Congratulation, you can successfully fine-tuned Idefics3–8B.

If you check model save directory, you will find the adapter weights similar to this

I have copied some of the json files from the original model files, such as chat_template.json, tokenizer.json etc which are then used to infer the model.

Inference of custom Idefics3–8B QLoRA model

Finally we came to the stage where we can test out our custom Idefics3–8B model.

Here is the script:

### Load required libraries
import requests
import torch
from PIL import Image
from io import BytesIO
from peft import LoraConfig, prepare_model_for_kbit_training, get_peft_model
from transformers import AutoProcessor, AutoModelForVision2Seq, BitsAndBytesConfig
from transformers.image_utils import load_image
import json
import re


device = torch.device('cuda' if torch.cuda.is_available() else 'cpu')
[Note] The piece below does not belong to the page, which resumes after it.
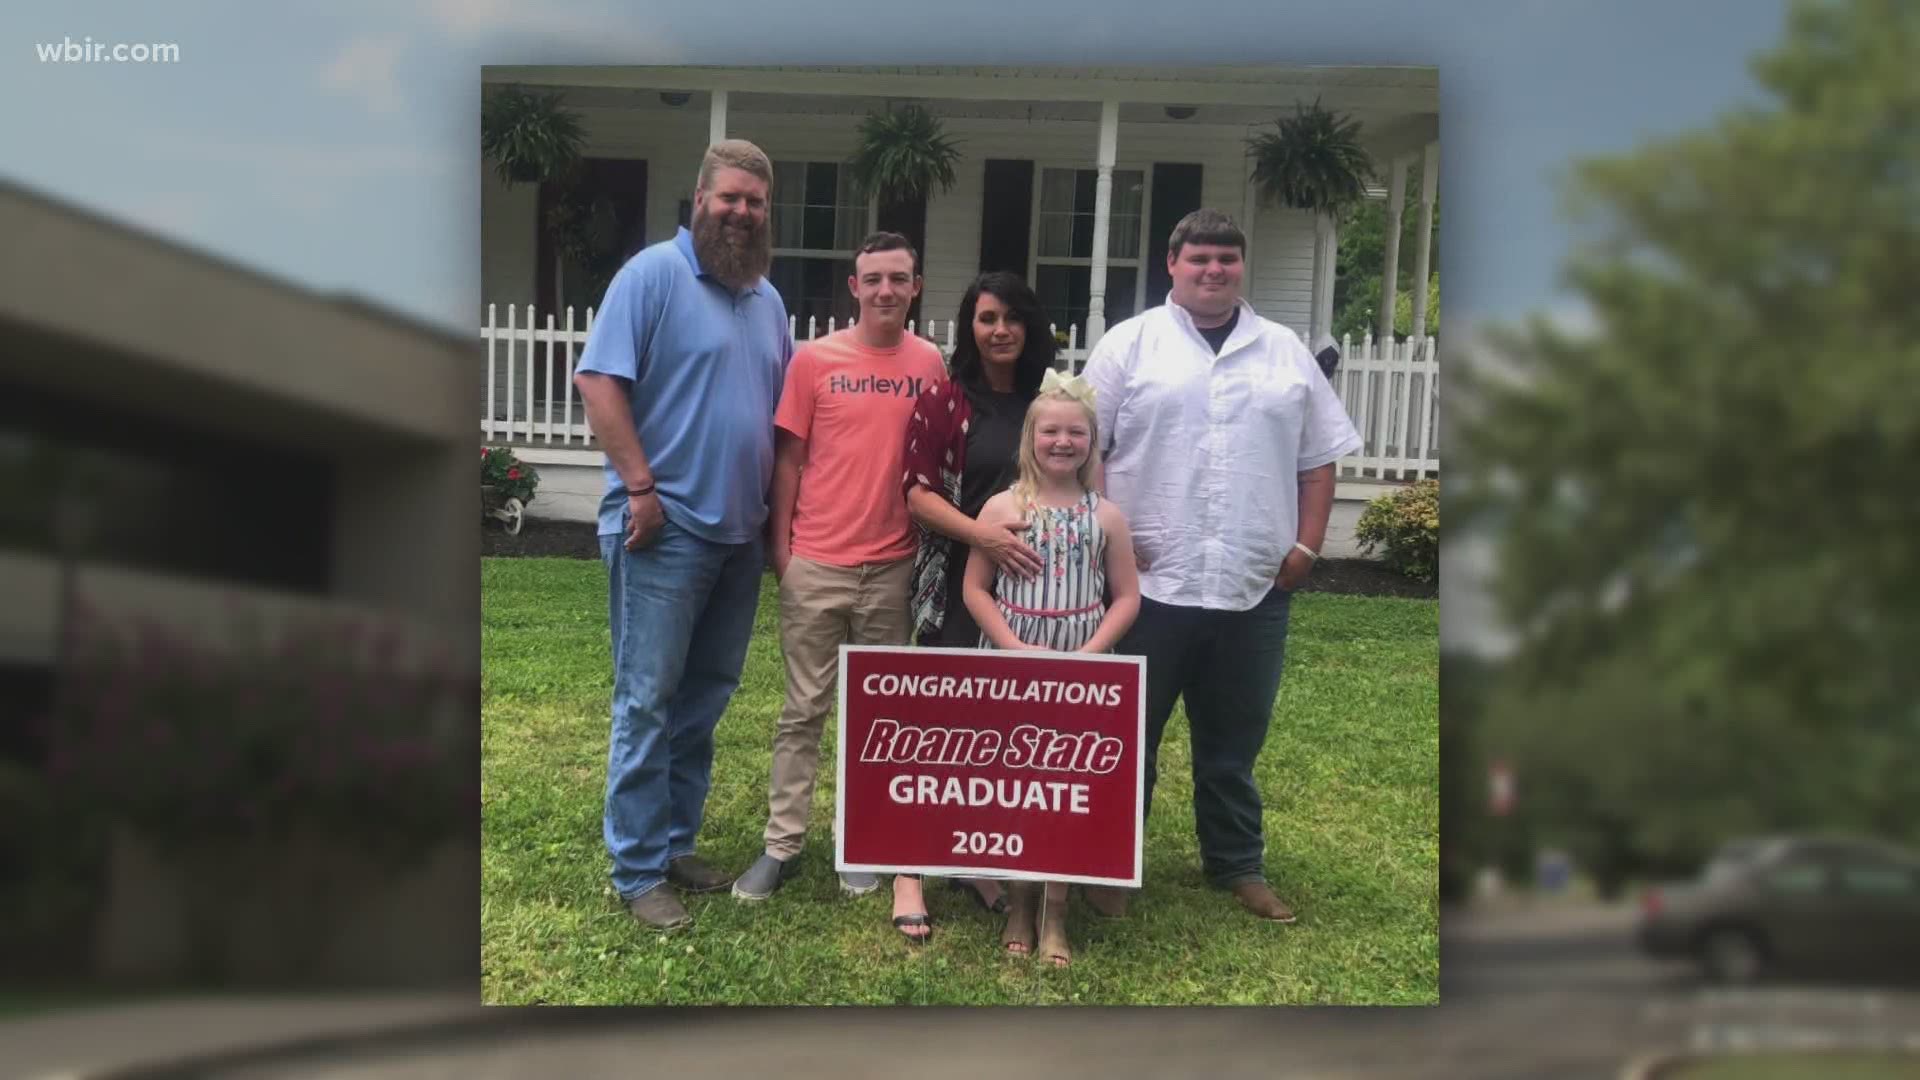 This summer, a Roane State student has two things to celebrate: her degree, and 10 years of sobriety.

model_path = 'path/to/idefics3_8b_qlora'

## For QLoRA Inferencing
USE_QLORA = True

## Load Processor
processor = AutoProcessor.from_pretrained(
    model_path,
    do_image_splitting=False,
    local_files_only=True)

## Load LoRA Configuration
lora_config = LoraConfig(
    r=8,
    lora_alpha=8,
    lora_dropout=0,
    target_modules=['down_proj','o_proj','k_proj','q_proj','gate_proj','up_proj','v_proj'],
    use_dora=False if USE_QLORA else True,
    init_lora_weights="gaussian"
)

bnb_config = BitsAndBytesConfig(
    load_in_4bit=True,
    bnb_4bit_use_double_quant=True,
    bnb_4bit_quant_type="nf4",
    bnb_4bit_compute_dtype=torch.bfloat16
)

## Load custom Idefics3-8b-QLoRA model
model = AutoModelForVision2Seq.from_pretrained(
    model_path,
    quantization_config=bnb_config,
    _attn_implementation="flash_attention_2",
    device_map="auto"
)  
model = model.to(device)


## Load Image
image = load_image("/home/bhavya/Desktop/bhavya/llm/dataset/test/vin-500/test/Vin_2024-01-09_10-09-50.jpg")
question = "Identify the Vehicle Sr No, Engine No, Model and image_label from this image."
messages = [
    {
        "role": "user",
        "content": [
            {"type": "text", "text": "You are given a image, your task is to extract out the desired text from the image as per the examples and classify the label of the image as 'chassis', 'vinplate', or 'other' based on the whole image."},
            {"type": "image"},
            {"type": "text", "text": question}
        ]
    }
]


## Helper funtion to parse the model output
def parse_response(text):
    match = re.search(r"Assistant:\s*(\{.*\})", text, re.DOTALL)
    if match:
        json_str = match.group(1)
        try:
            # Parse the JSON string into a Python dictionary
            return json.loads(json_str)
        except json.JSONDecodeError:
            raise ValueError("Failed to parse the extracted JSON.")
    else:
        raise ValueError("No valid Assistant JSON response found in the input text.")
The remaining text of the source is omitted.